⟨

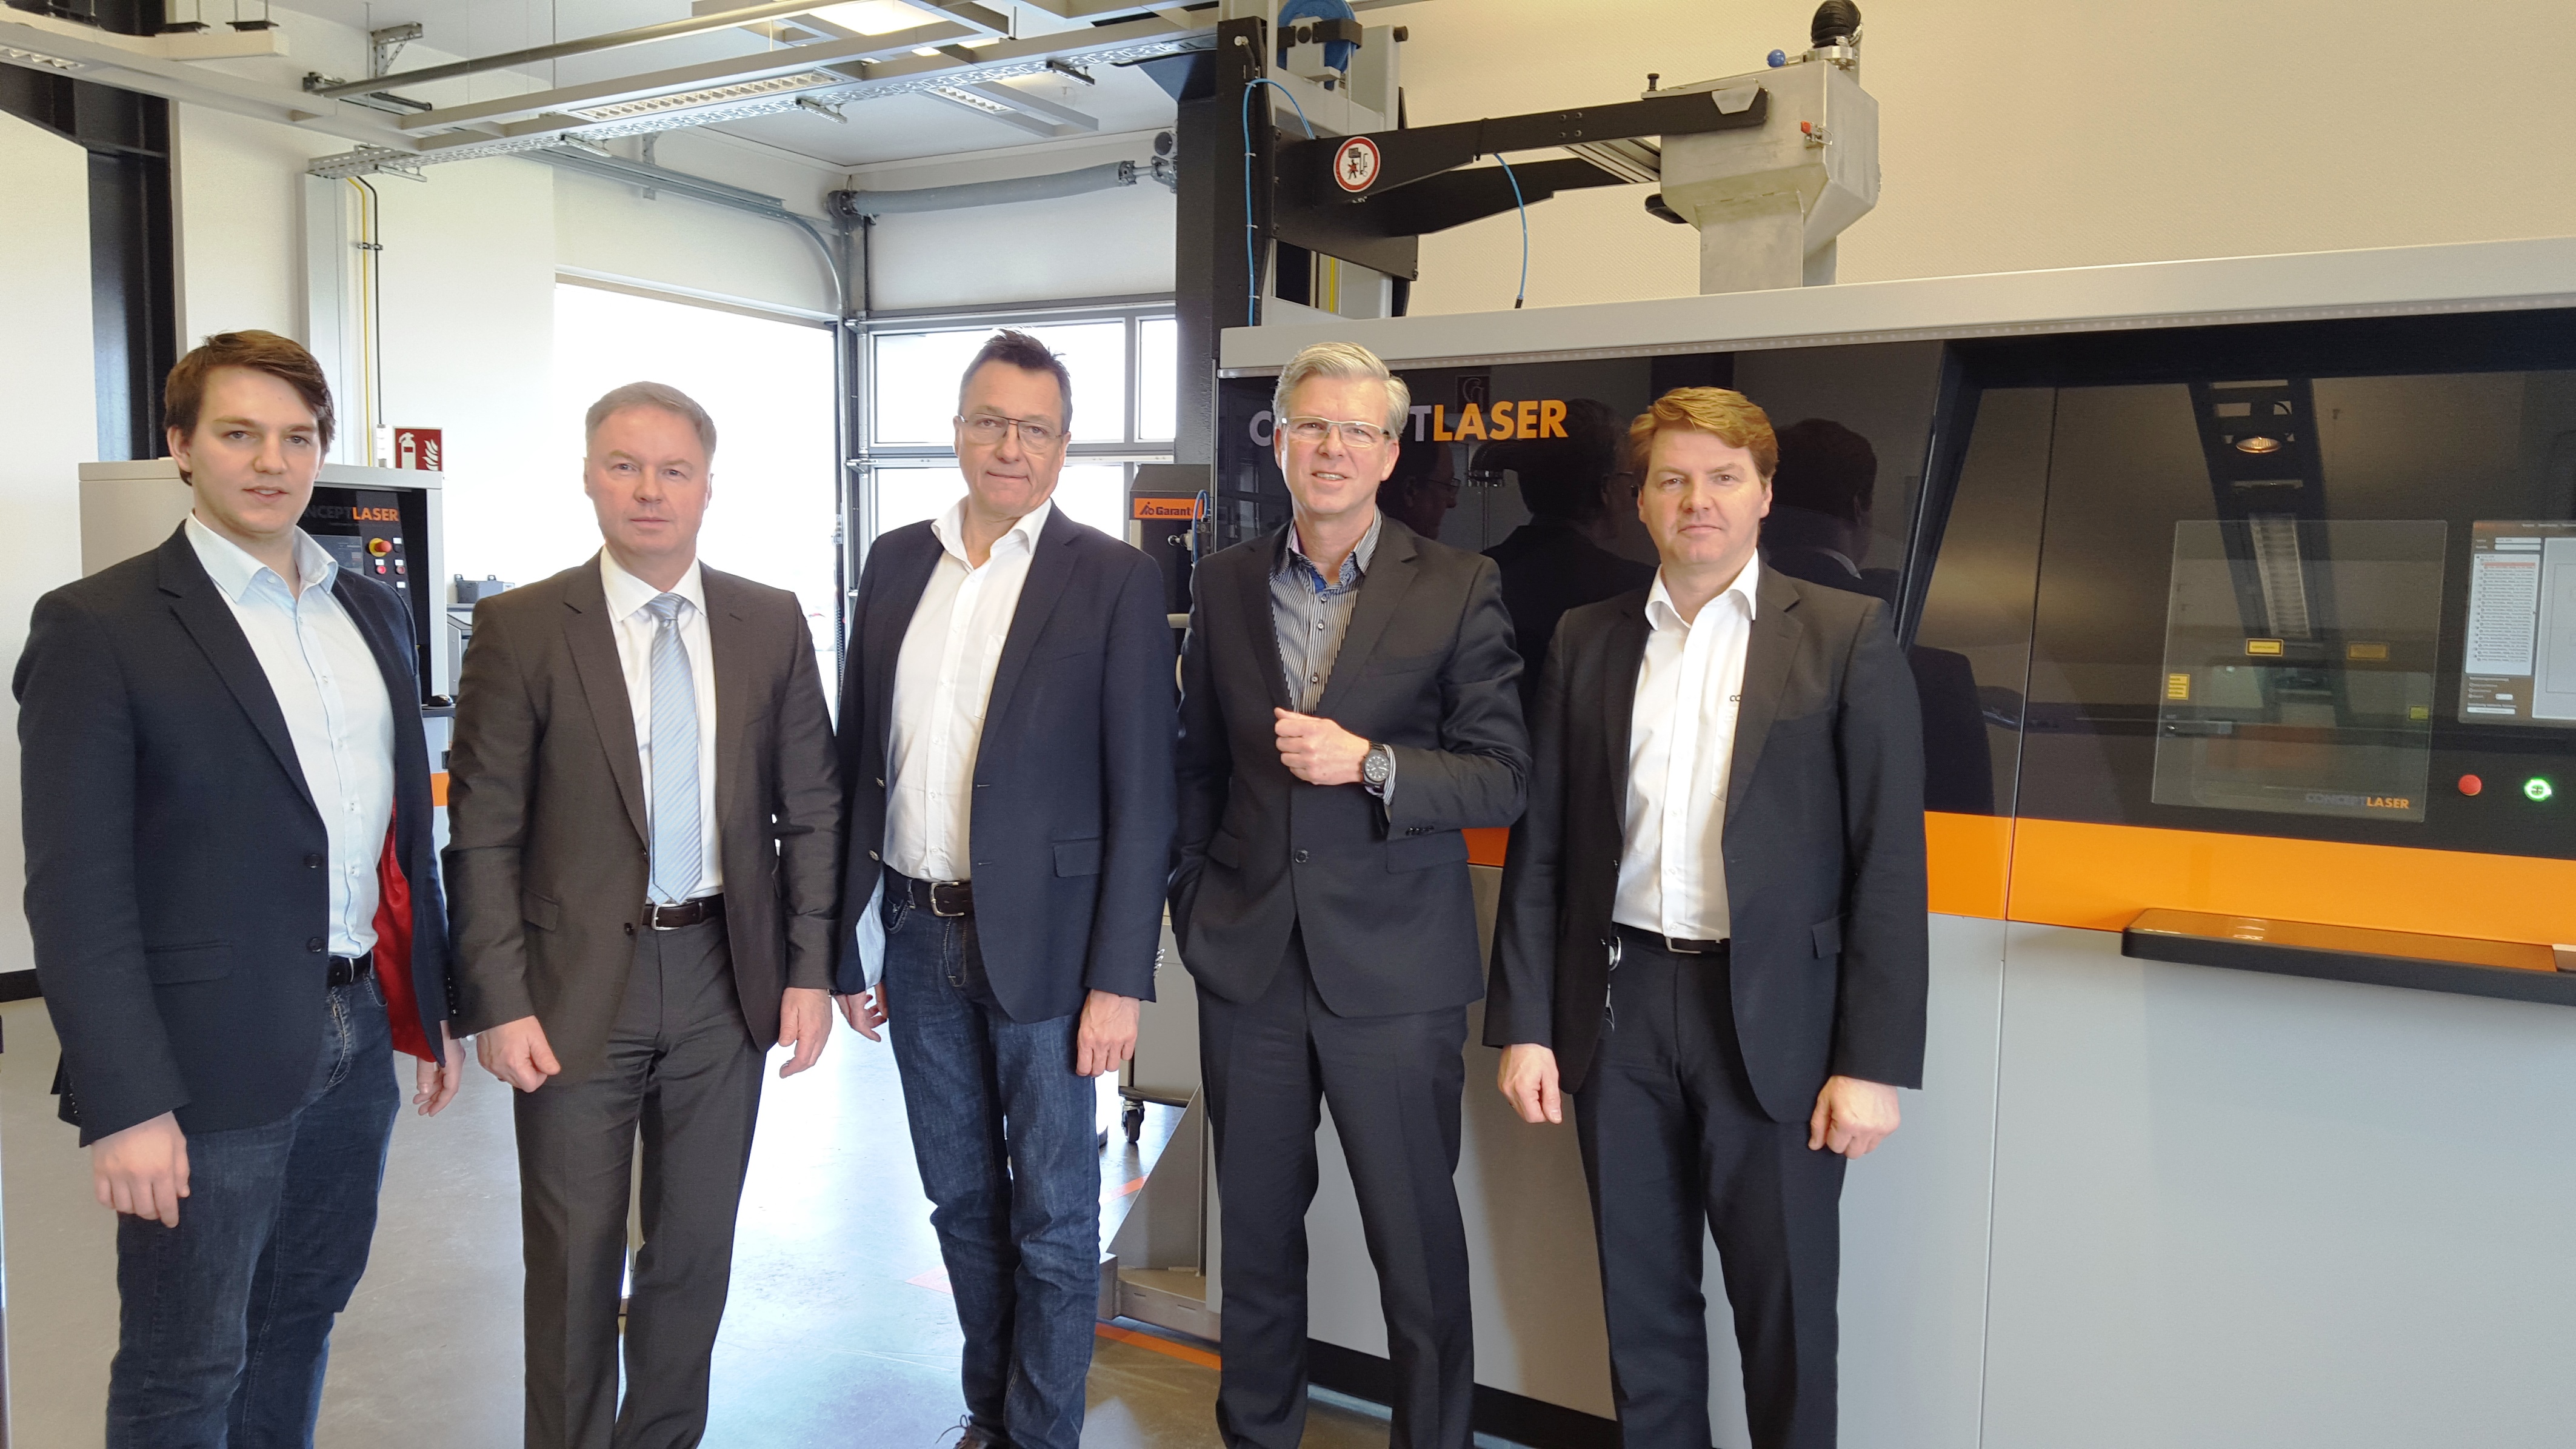 Kegelmann Manufacturing GmbH has formed a strategic partnership with Concept Laser.
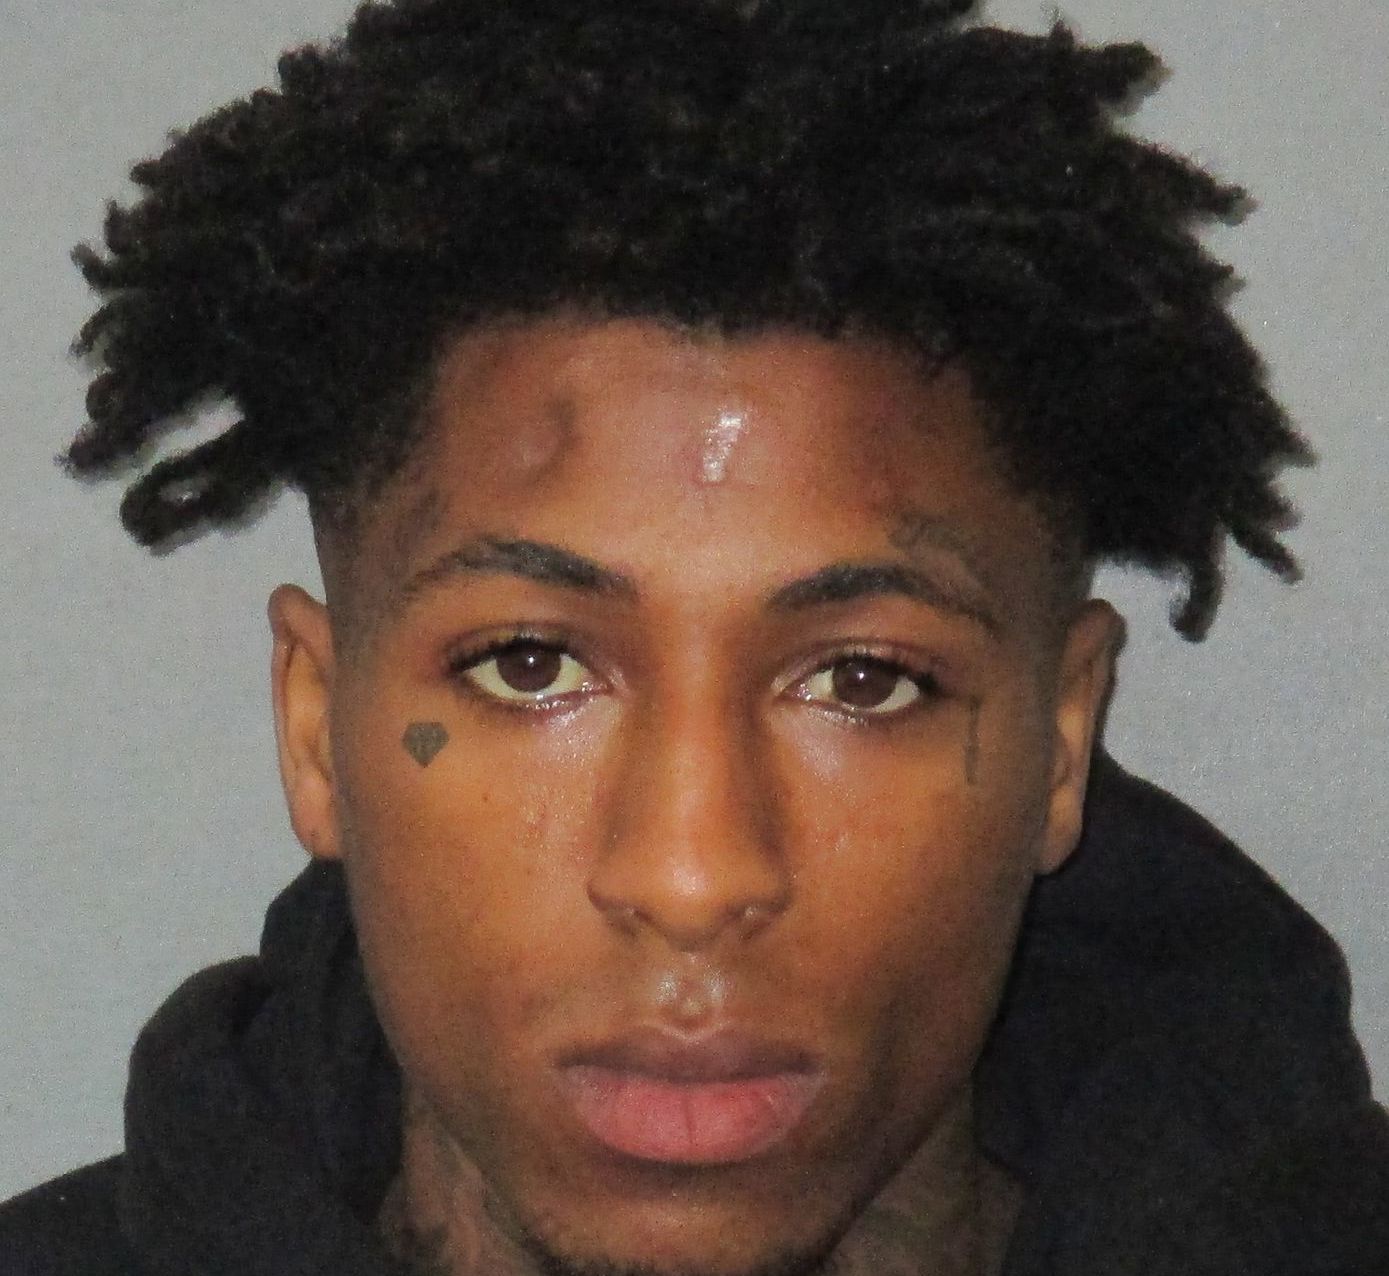 Youngboy Never Broke Again Reportedly Involved in Shooting Near Donald Trump’s Florida Resort
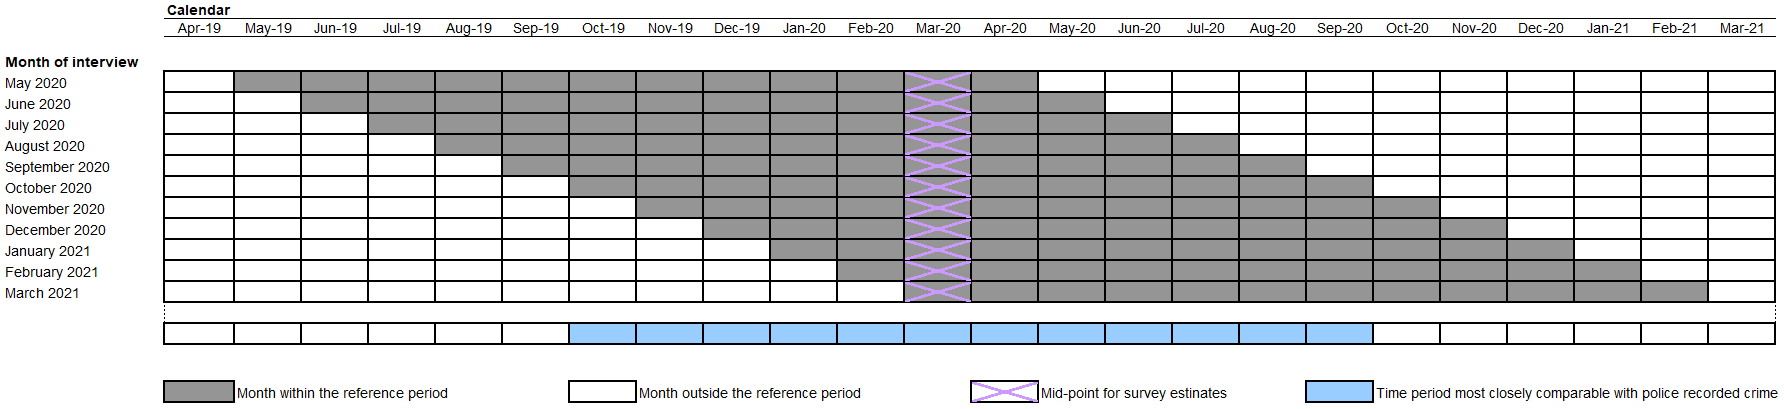 Calendar chart showing the reference periods for Telephone-operated Crime Survey for England and Wales (TCSEW) interviews.

⟩

Problem details: Each of the lines above should be transcribed exactly; no image is to be copied.

Solution:
 Kegelmann Manufacturing GmbH has formed a strategic partnership with Concept Laser.
 Youngboy Never Broke Again Reportedly Involved in Shooting Near Donald Trump’s Florida Resort
 Calendar chart showing the reference periods for Telephone-operated Crime Survey for England and Wales (TCSEW) interviews.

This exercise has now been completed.